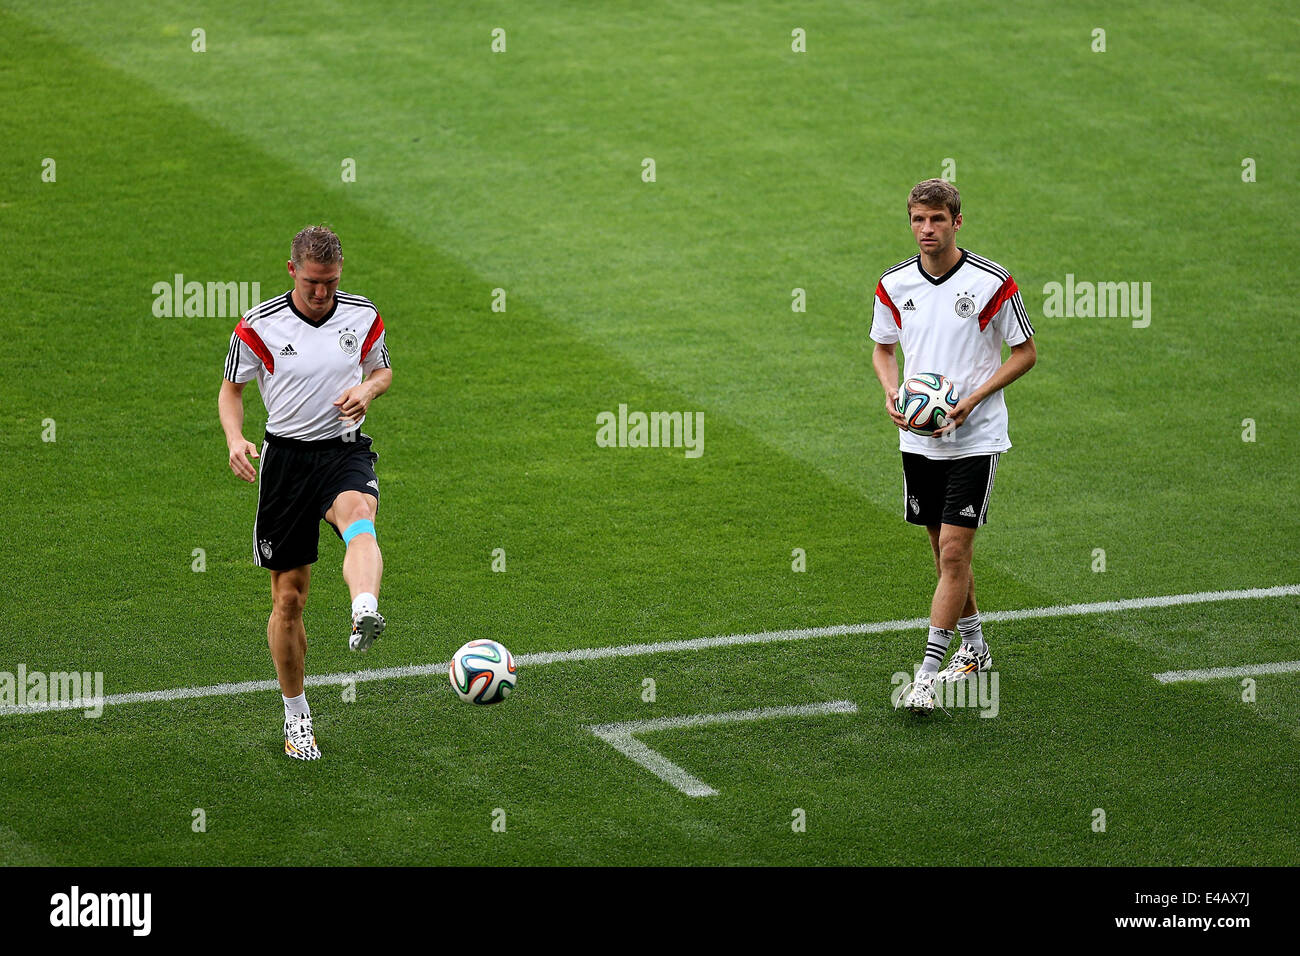 Belo Horizonte, Brazil. 7th July, 2014. Bastian Schweinsteiger (L) and Thomas Muller 0f Germany take part in a training session in Belo Horizonte, Brazil, on July 7, 2014. Germany will play Brazil in their 2014 World Cup semifinal here on July 8. © Li Ming/Xinhua/Alamy Live News Stock Photo
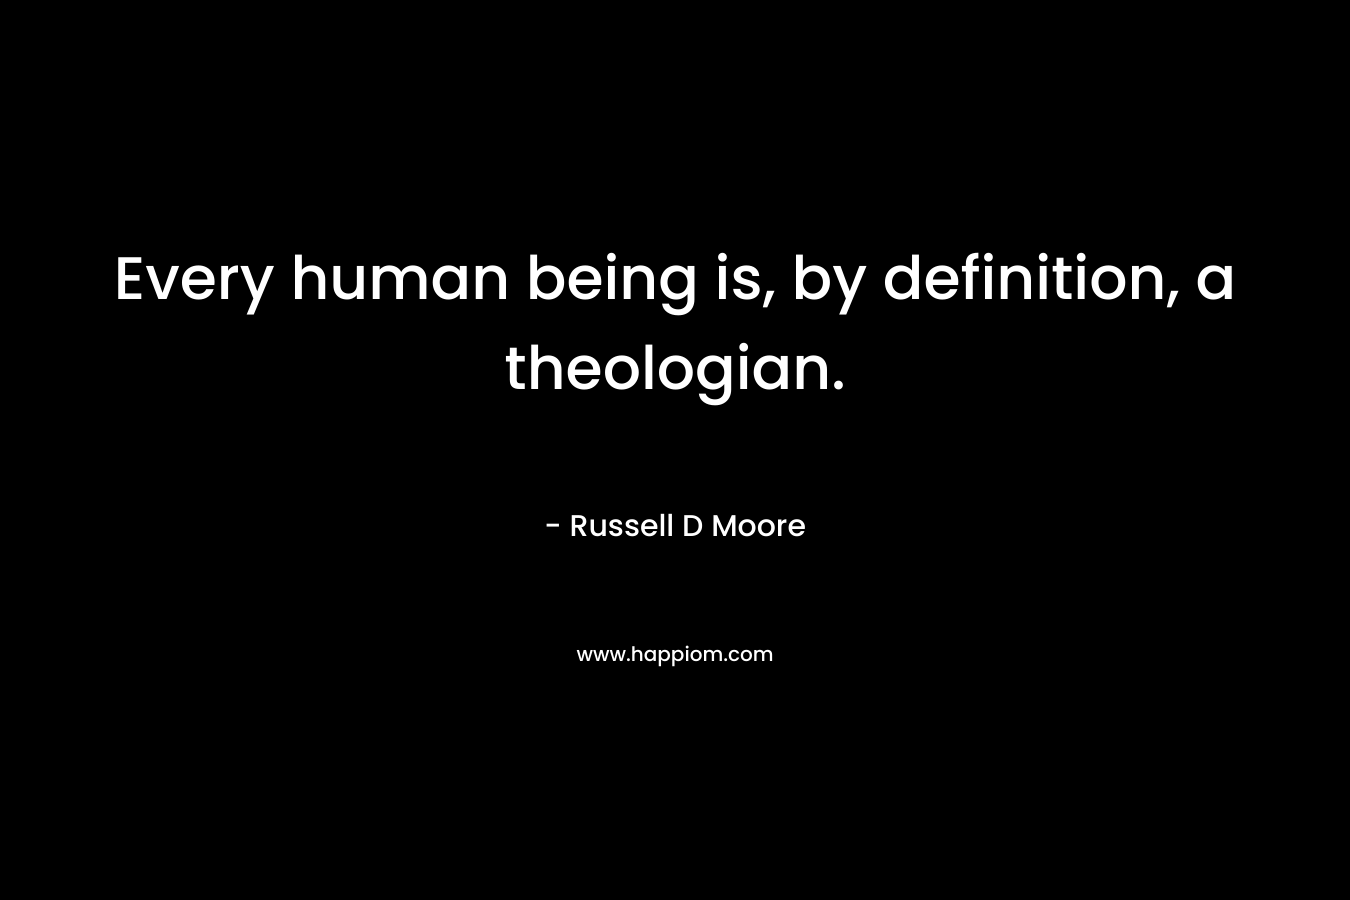 Every human being is, by definition, a theologian. – Russell D Moore
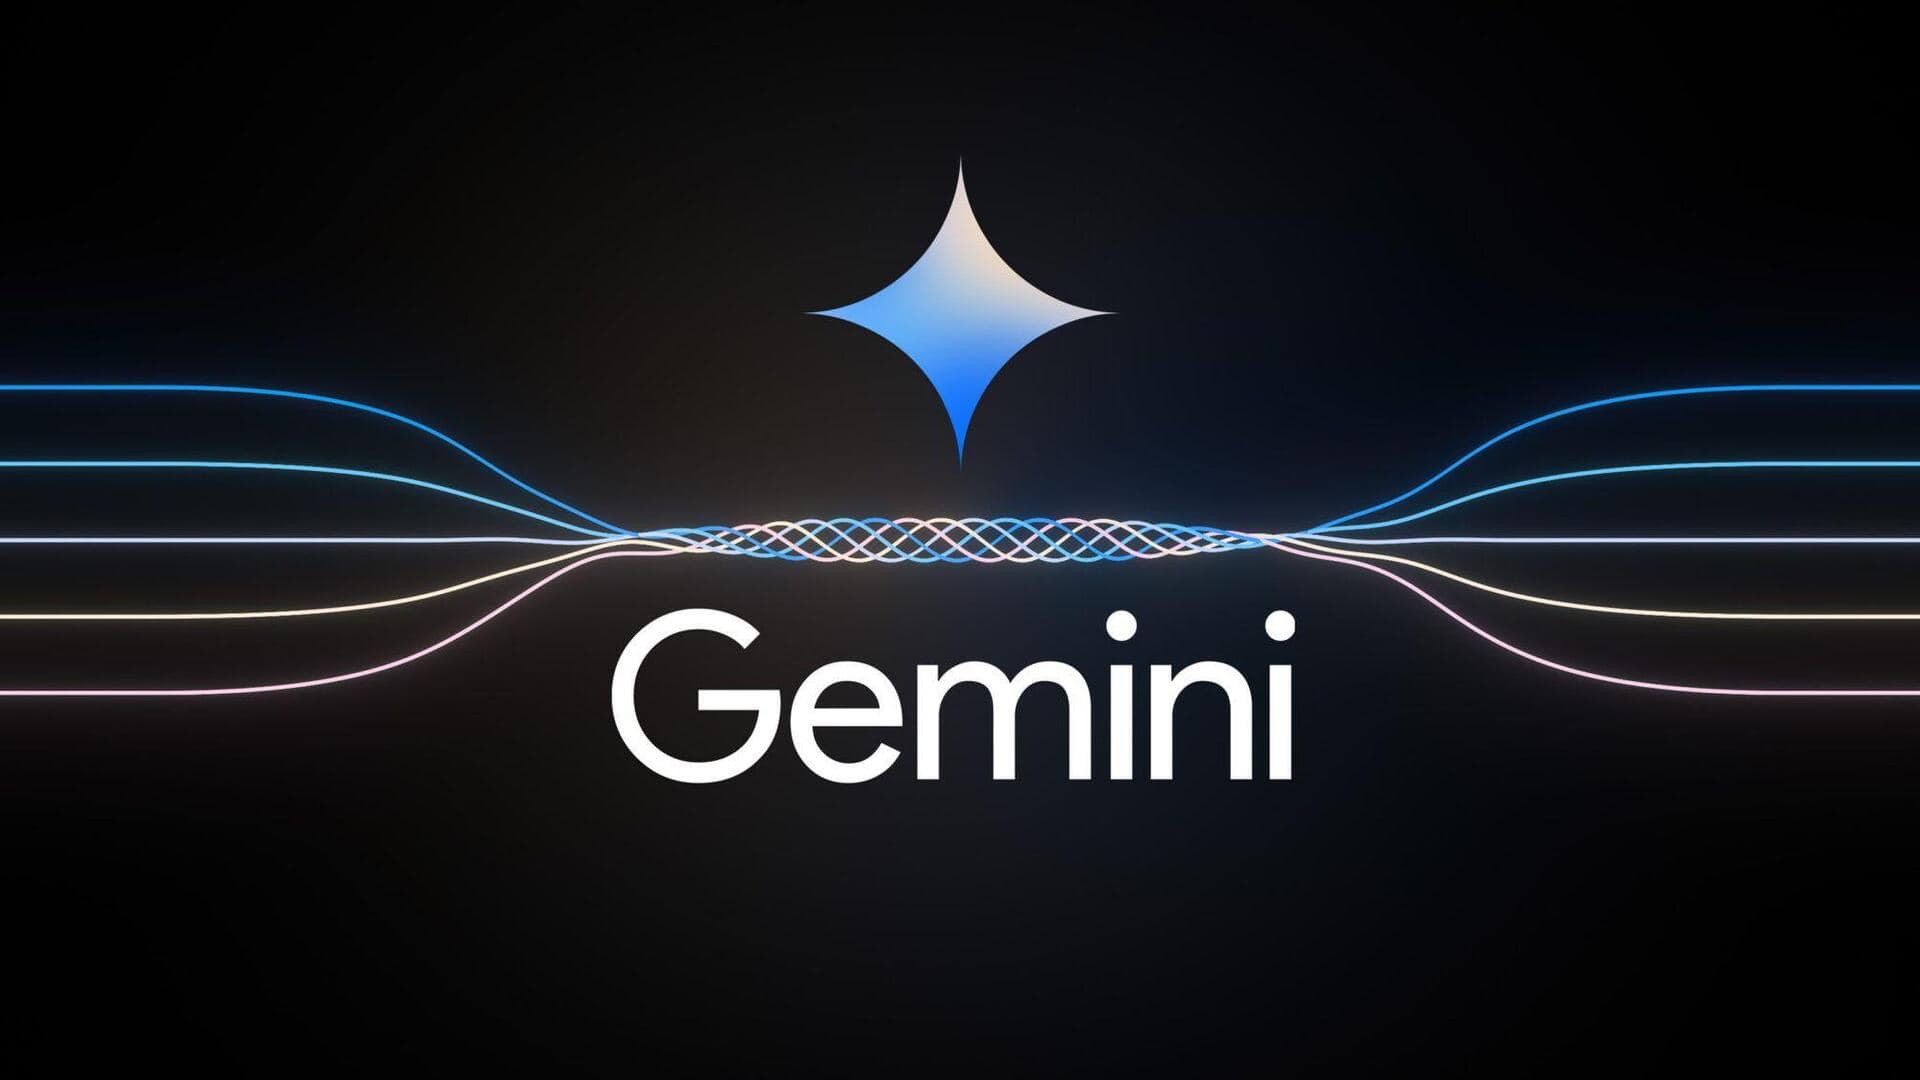 Google apologizes for Gemini AI bot's inaccurate historical depictions

BRIEF :: All of the data above is to be repeated exactly, with the pictures left out.

FINISHED EXERCISE ::
 Belo Horizonte, Brazil. 7th July, 2014. Bastian Schweinsteiger (L) and Thomas Muller 0f Germany take part in a training session in Belo Horizonte, Brazil, on July 7, 2014. Germany will play Brazil in their 2014 World Cup semifinal here on July 8. © Li Ming/Xinhua/Alamy Live News Stock Photo
 Every human being is, by definition, a theologian. – Russell D Moore
 Google apologizes for Gemini AI bot's inaccurate historical depictions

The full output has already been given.